Information:

——————

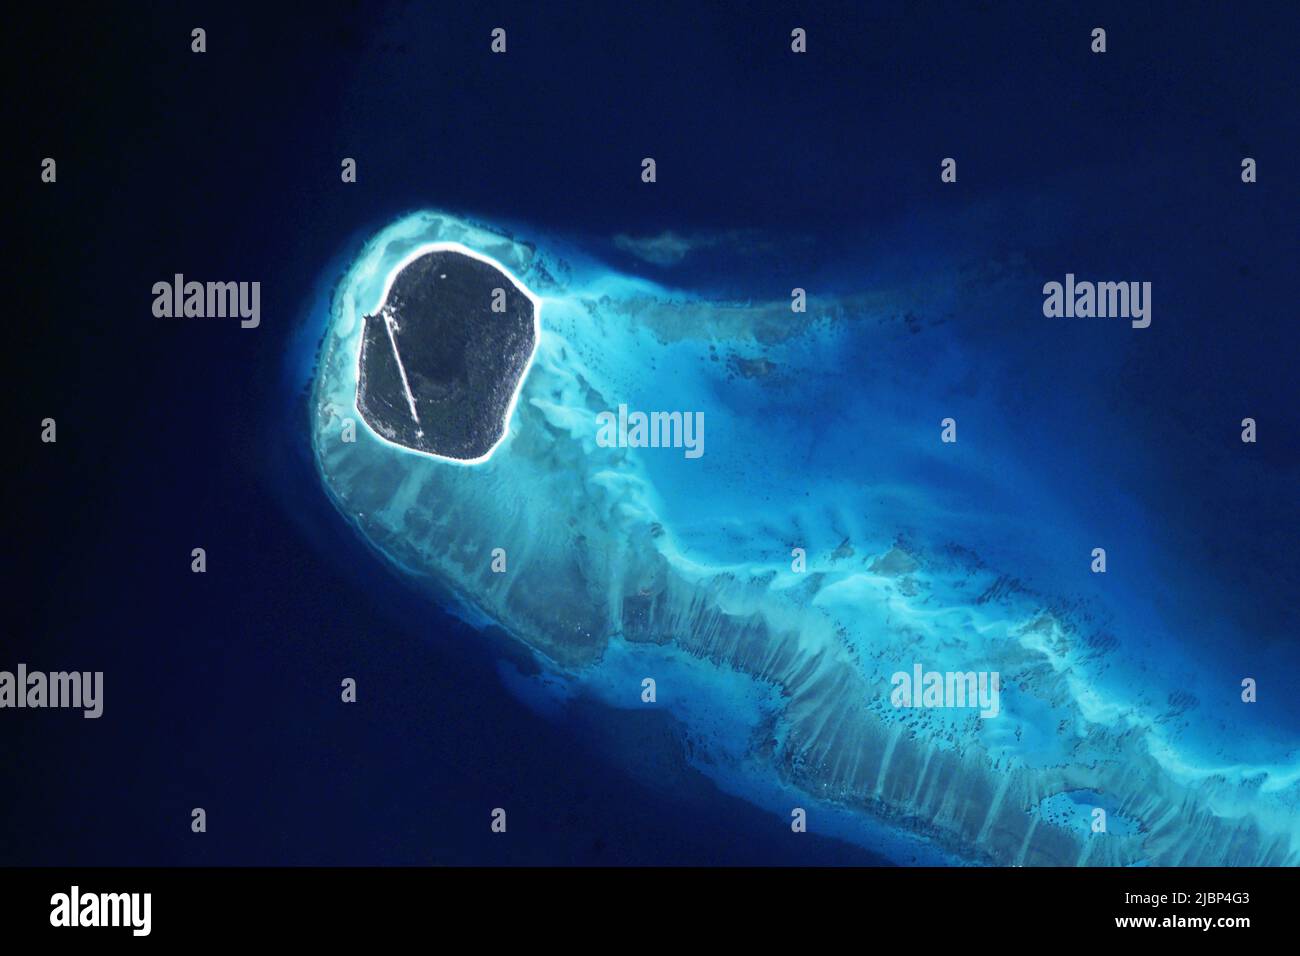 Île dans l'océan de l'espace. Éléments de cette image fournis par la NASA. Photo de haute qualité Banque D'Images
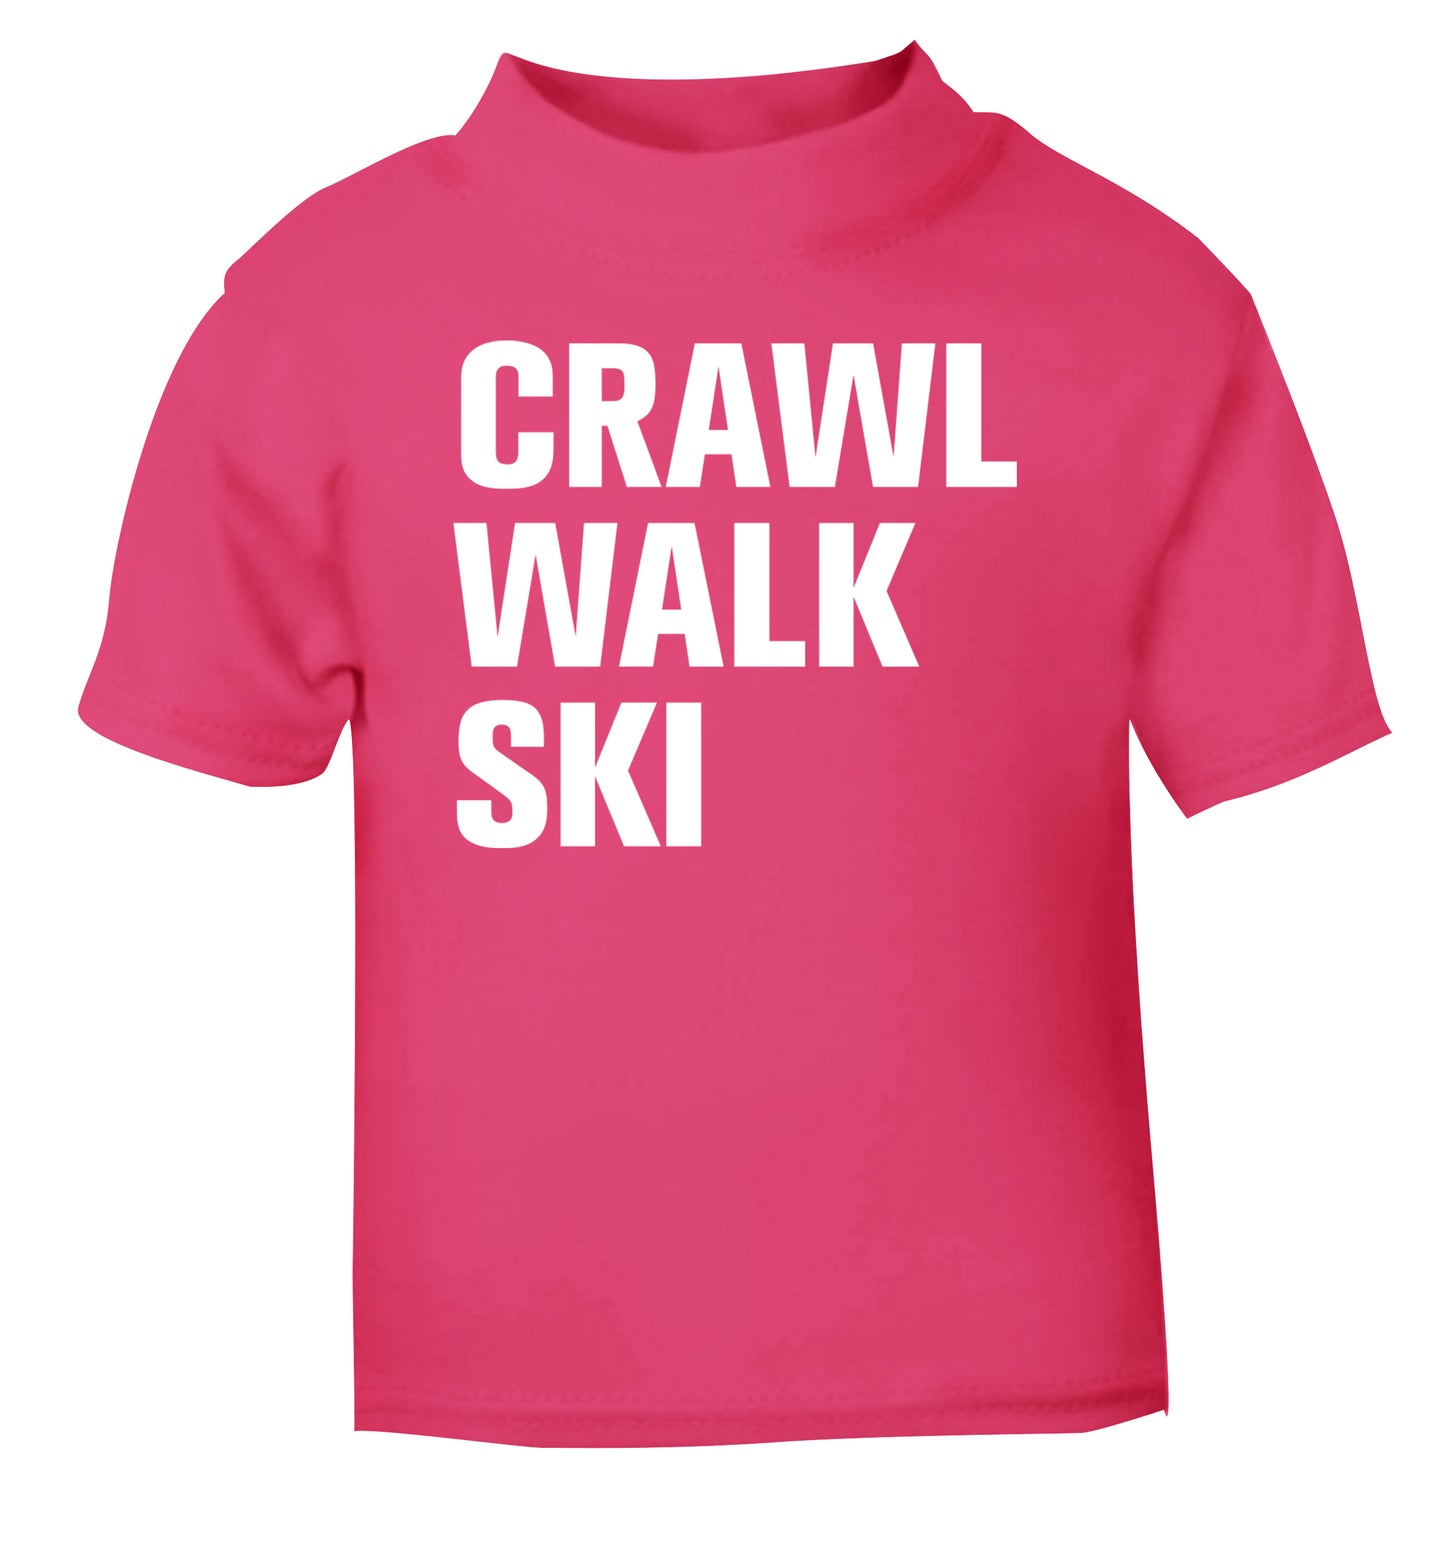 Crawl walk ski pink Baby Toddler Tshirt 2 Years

——————

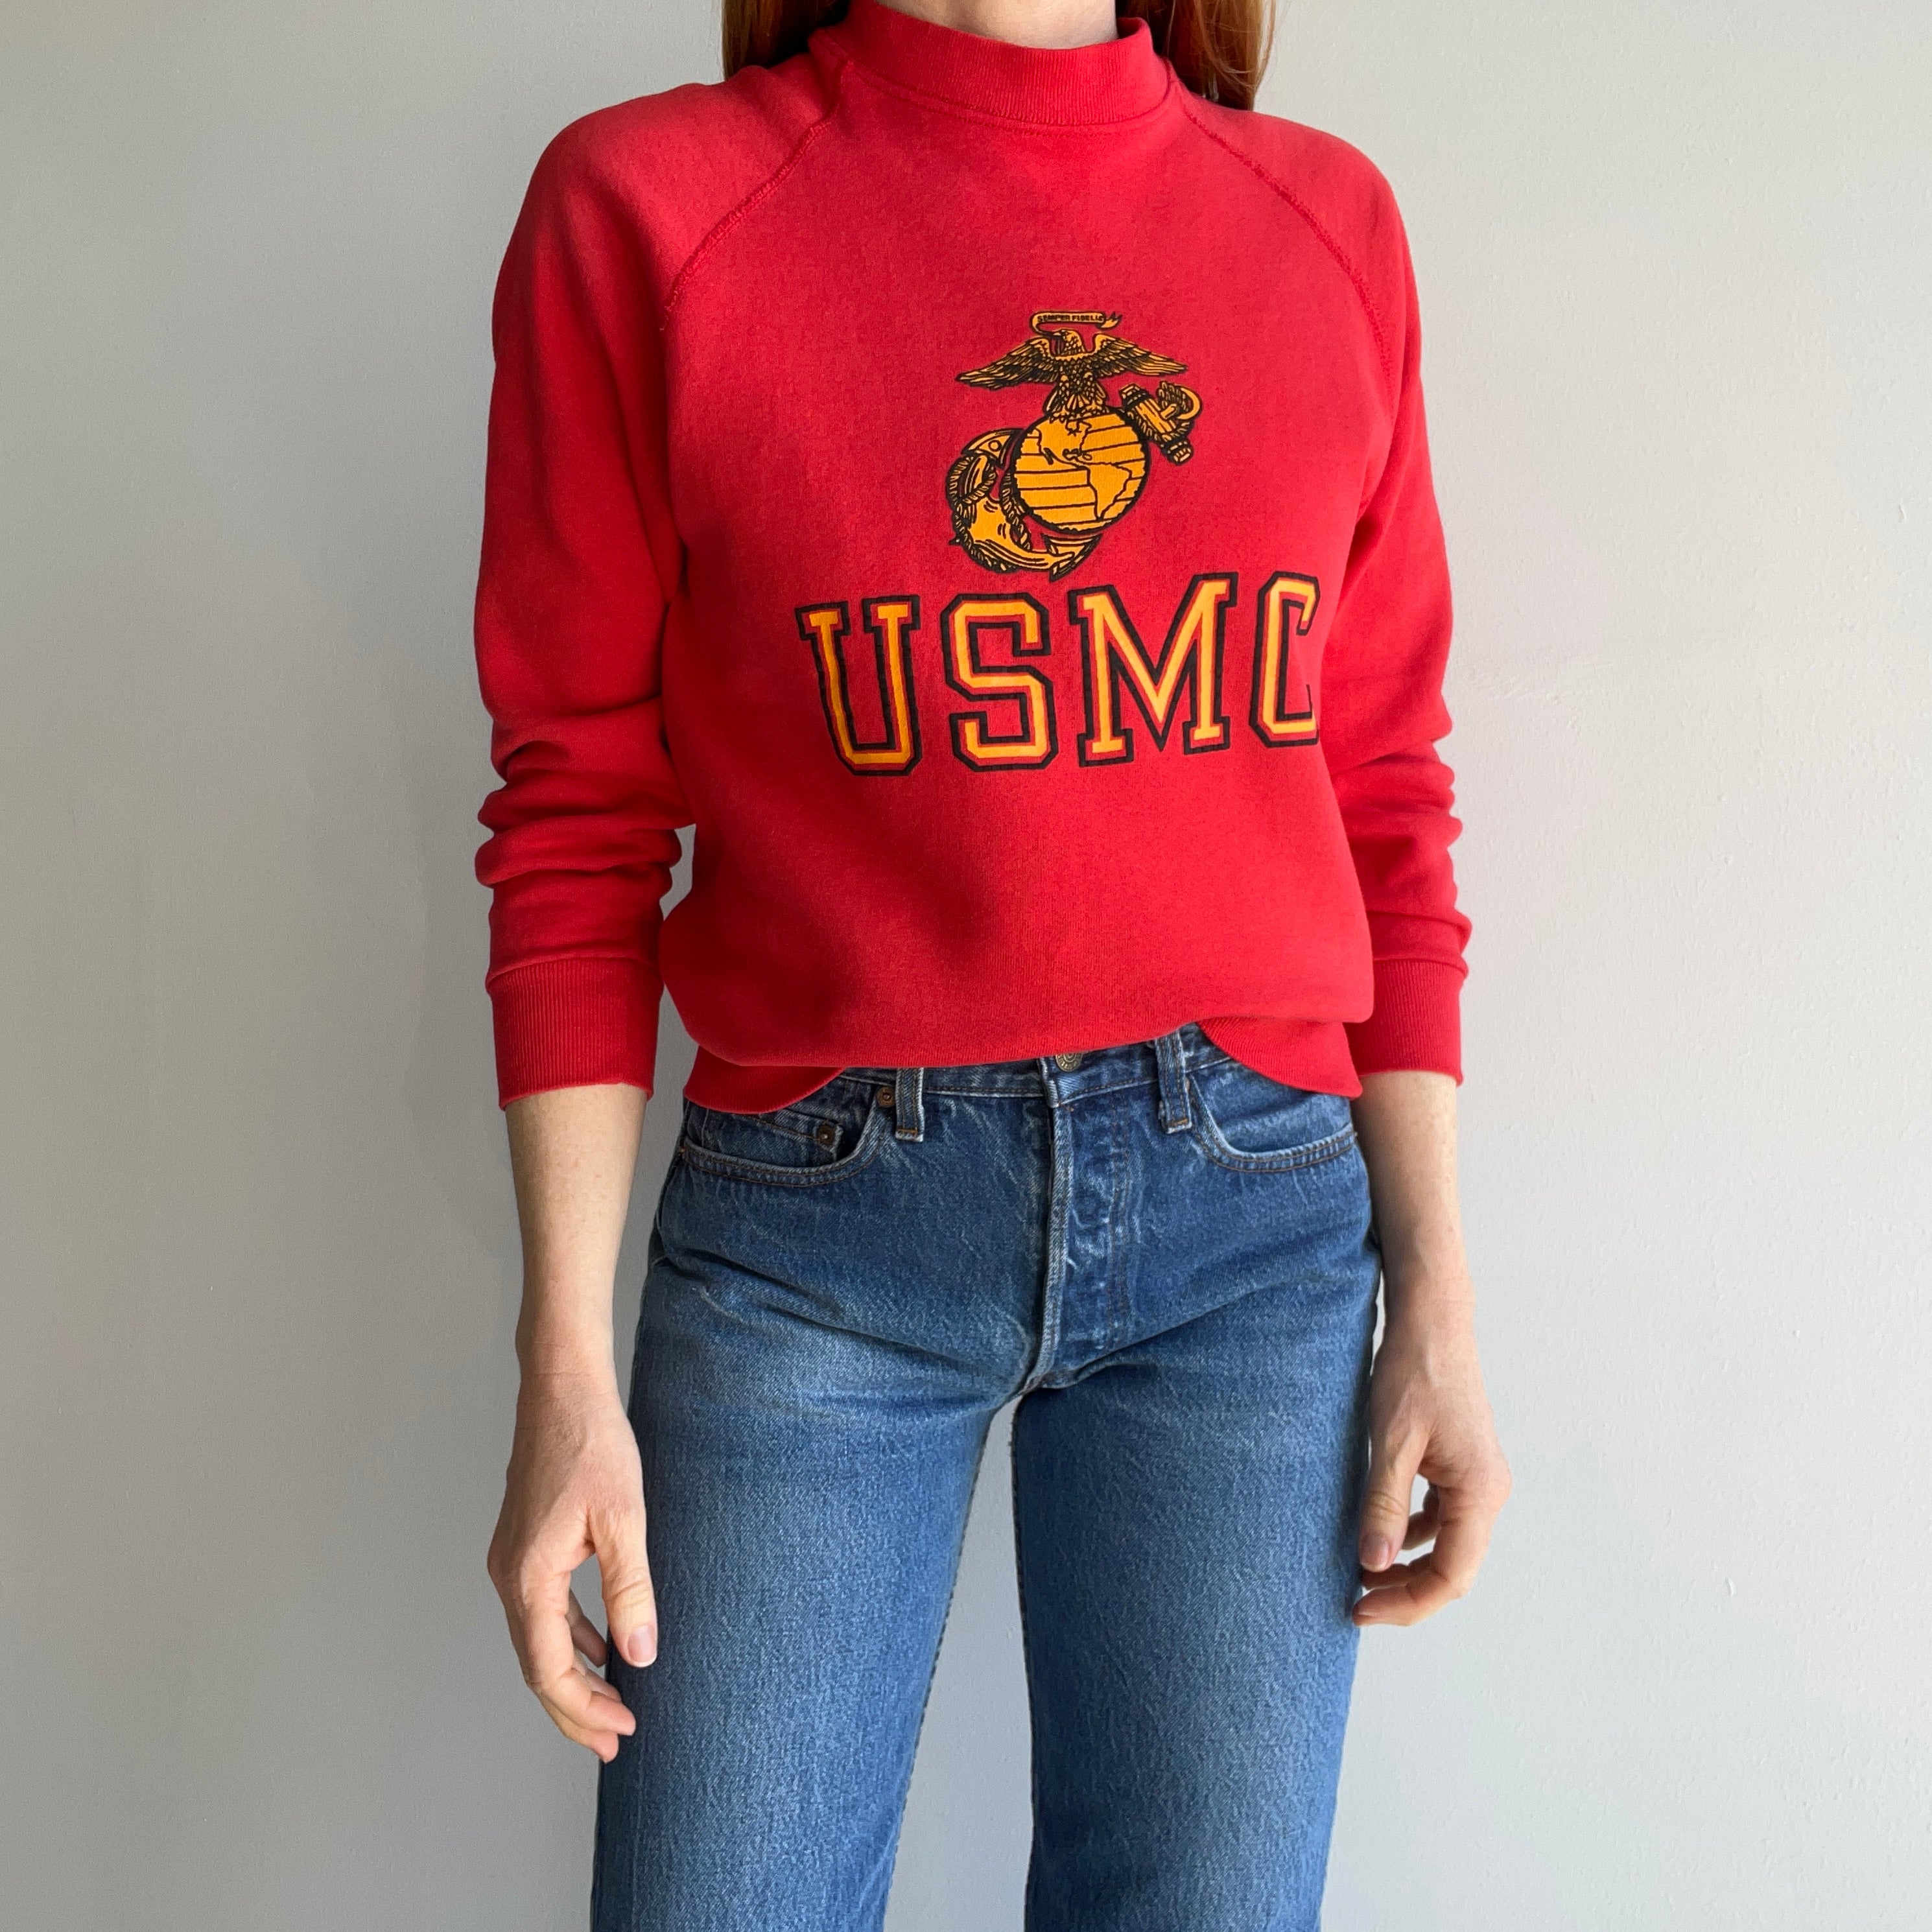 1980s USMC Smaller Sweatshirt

——————

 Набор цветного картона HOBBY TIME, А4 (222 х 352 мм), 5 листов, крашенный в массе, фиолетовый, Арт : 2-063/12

——————

Task directions: Starting at the line above that contains "Île dans l'océan", transcribe every line exactly through the line that contains "Crawl walk ski", including that last one, and skip the pictures.

Response for this exercise:
 Île dans l'océan de l'espace. Éléments de cette image fournis par la NASA. Photo de haute qualité Banque D'Images
 Crawl walk ski pink Baby Toddler Tshirt 2 Years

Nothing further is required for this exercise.